OBJECTS OF THE PRESENT DISCLOSURE
[0007] An object of the present disclosure relates, in general, to a fluid control system, and more specifically, relates to an apparatus and method for temperature compensation in proportional valves for flow control.
[0008] Another object of the present invention is to provide an apparatus that calculates the temperature constant of the proportional control valve based on the derived equation during calibration and store it in the persistent storage to perform temperature compensation.
[0009] Another object of the present invention is to provide an apparatus that calculates the temperature constant factor of the proportional control valve based on the derived equation to perform temperature compensation during normal operation.
[0010] Another object of the present invention is to provide an apparatus for controlling the flow as defined /expected, where the proportional control valves are used.
[0011] Another object of the present invention is to provide an apparatus to use in any of the applications where the proportional control valves are used for flow control.
[0012] Yet another object of the present disclosure is to provide an apparatus for temperature compensation of the proportional control valve that is efficient and cost-effective.

SUMMARY
[0013] The present disclosure relates, in general, to a fluid control system, and more specifically, relates to an apparatus and method for temperature compensation in proportional valves for flow control.
[0014] In an aspect, the present disclosure relates to an apparatus to compensate the temperature of proportional valves for flow control, the apparatus comprising a pressure regulator configured in the apparatus, the pressure regulator regulates flow of fluid to a desired quantity, a proportional valve coupled to the pressure regulator, and operates upon receipt of a set of signals, to allow dispensation of the fluid, a controller operatively coupled to the proportional valve, the controller coupled to a memory comprising a first storage unit and a second storage unit, the memory storing instructions executable by the controller to generate the set of signals pertaining to pulse width modulation (PWM) count, the set of signals is received by the proportional valve and compute, from the generated set of signals, the temperature constant for the generated set of signals, wherein, based on the determination of the temperature constant of the generated set of signals, the controller is configured to operate the proportional valve to allow dispensation of a predetermined quantity of the fluid, the predetermined quantity determined as being required to provide sufficient quantity of fluid supply.

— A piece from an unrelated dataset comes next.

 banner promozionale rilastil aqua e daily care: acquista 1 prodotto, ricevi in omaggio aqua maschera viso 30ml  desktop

[0015] According to an embodiment, the fluid is any or a combination of air and oxygen.
[0016] According to an embodiment, the pressure regulator receives the fluid from the proportional valve.
[0017] According to an embodiment, the apparatus comprises a sensor to measure the flow of the fluid.

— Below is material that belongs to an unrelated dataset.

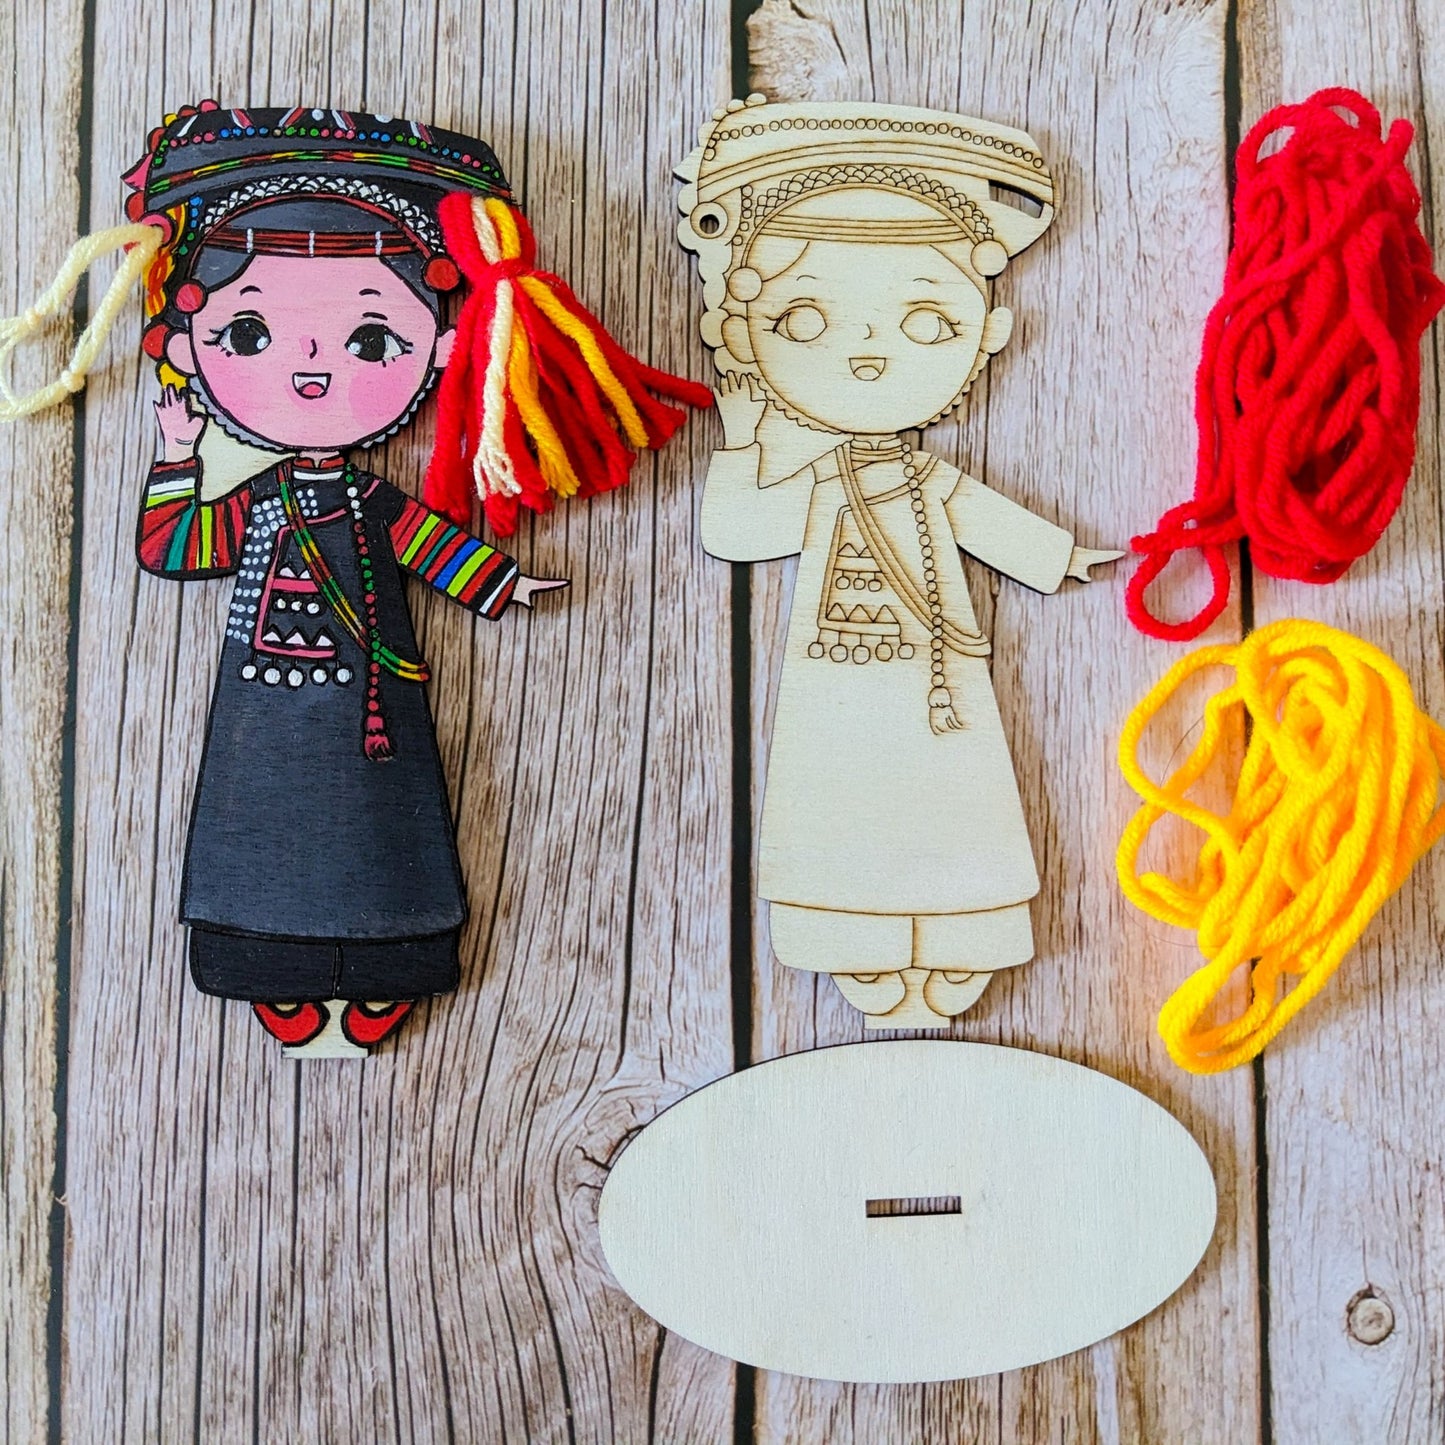 BỘ TRANG TRÍ BÚP BÊ TỪ GỖ | Ethnic Wooden Dolls Decoration Kit

[0018] According to an embodiment, the controller configured to initialize an array to store ADC value which is read for the defined sampling duration, for every PWM count applied, calculate the average ADC value after achieving the targeted flow value for the PWM count by discarding the initial ADC readings; and calculate the average ADC values for every targeted flow values in the array.
[0019] According to an embodiment, the controller configured to determine for ADC counts array whether the array is in ascending order, compute the temperature constants for all the targeted flow values after calibration and stores in the array and calculate the average constant by discarding initial three and last three constant values and store in the memory.
[0020] According to an embodiment, the first storage unit adapted to store temperature constant computed during calibration and the second storage unit adapted to store temperature constant computed during normal operation.
[0021] According to an embodiment, the controller configured to compute required PWM count with temperature compensation for pumping the required flow during normal operation.
[0022] According to an embodiment, the controller configured to initialize the temperature constant to be applied as constant calculated during calibration and calculate the temperature constant factor by computing the ratio of the temperature constant to be applied and temperature constant at calibration, wherein the PWM count to be applied is calculated as temperature constant factor multiplied by PWM count calculated from calibration table, which is applied as new PWM count in defined time intervals to achieve the required flow, which is greater than defined liters per minute (LPM) during normal operation.
[0023] In an aspect, the present disclosure relates to a method to compensate the temperature of proportional valves for flow control, the method comprising regulating, at a pressure regulator configured in the apparatus, the flow of fluid to a desired quantity, operating, a proportional valve coupled to the pressure regulator, upon receipt of a set of signals, to allow dispensation of the fluid; generating, at a controller, the set of signals pertaining to pulse width modulation (PWM) count, the set of signals is received by the proportional valve; and computing, at the controller, from the generated set of signals, the temperature constant for the generated set of signals, wherein, based on the determination of the temperature constant of the generated set of signals, the controller is configured to operate the proportional valve to allow dispensation of a predetermined quantity of the fluid, the predetermined quantity determined as being required to provide sufficient quantity of fluid supply.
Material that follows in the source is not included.